When he opened Apero in 2014, the restaurateur Ismo Koski, whose hospitality career has spanned Australia, the UK, and Canada, says he had the “romantic” notion of staying open late, but there was no market for it.

“You’d be standing around twiddling your thumbs. You might have people who walk in about 9.30 after a show and if the kitchen is still going we’ll do it, but rarely will we send food after 10pm.”

A few doors down at Java, friends Vivi Armelia, 24, and Sherleen Agustin are catching up for a 6.45pm dinner. The pair went to high school together in the Indonesian city of Pontianak, and Armelia says she was surprised when she moved to Auckland, aged 18, how early everything closed.

“In Indonesia the shops would be open so we’d still be hanging out, eating or shopping at 9 or 10pm. It feels very quiet here for me.”

By 7.30pm around the corner at Ponsonby Central, there’s no seats left at Argentinian restaurant El Sizzling Chorizo. A customer sneaks up to pay before his date can, and as he’s processing the man’s payment, the manager – and Argentinian – Tomas Villas, says the evening started getting busy from 5pm, and he will close the kitchen at 8.30pm. He’ll have his own dinner two and a half hours later, at 11pm, despite living in New Zealand for seven years. “I just can’t get used to it,” he says.
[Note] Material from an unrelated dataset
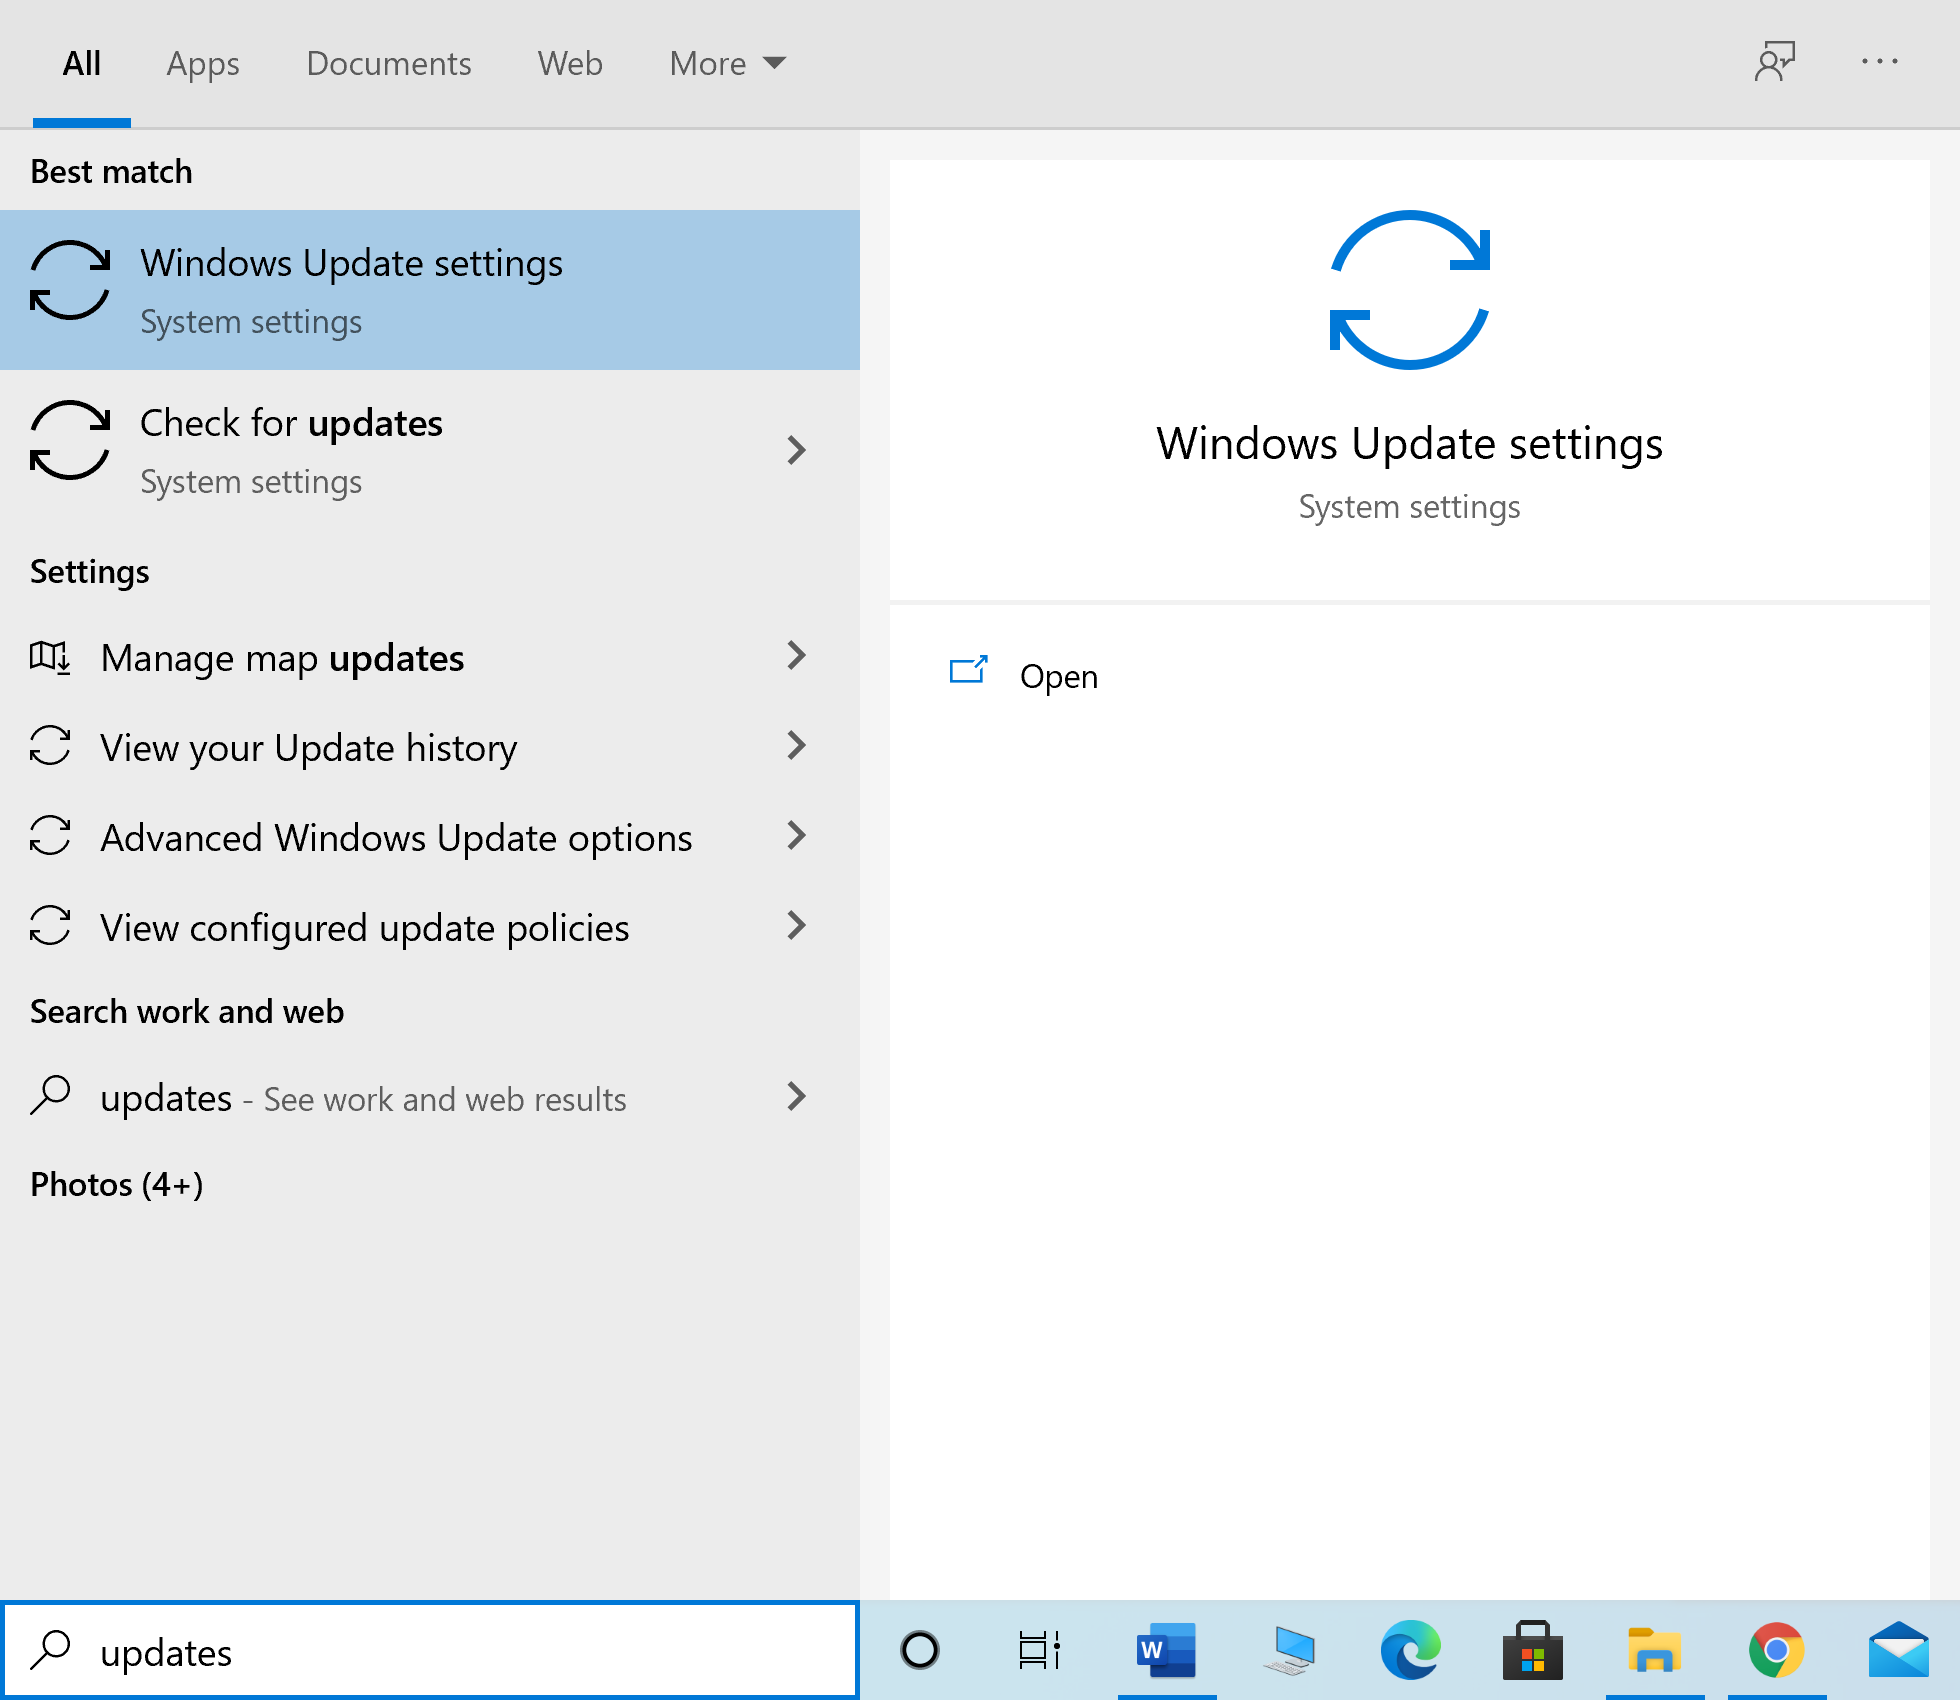 Type Updates into Windows search and launch the Windows Update settings from the search result.

At 8.30pm, waiters at Baduzzi are taking dessert orders. It’s still buzzing, but beginning to empty out; the last booking was for 7.30pm. As he leans on a ledge after the rush, the duty manager, Jackson Blomfield, reckons it’s shifted earlier even compared with a couple of years ago, post-Covid, with people less likely to go out again once they’re home. He excuses himself to go and seat a surprise walk-in table. “That will be our last for the night, I’d say,” he says, checking the time. It’s 8.45pm. Almost bedtime.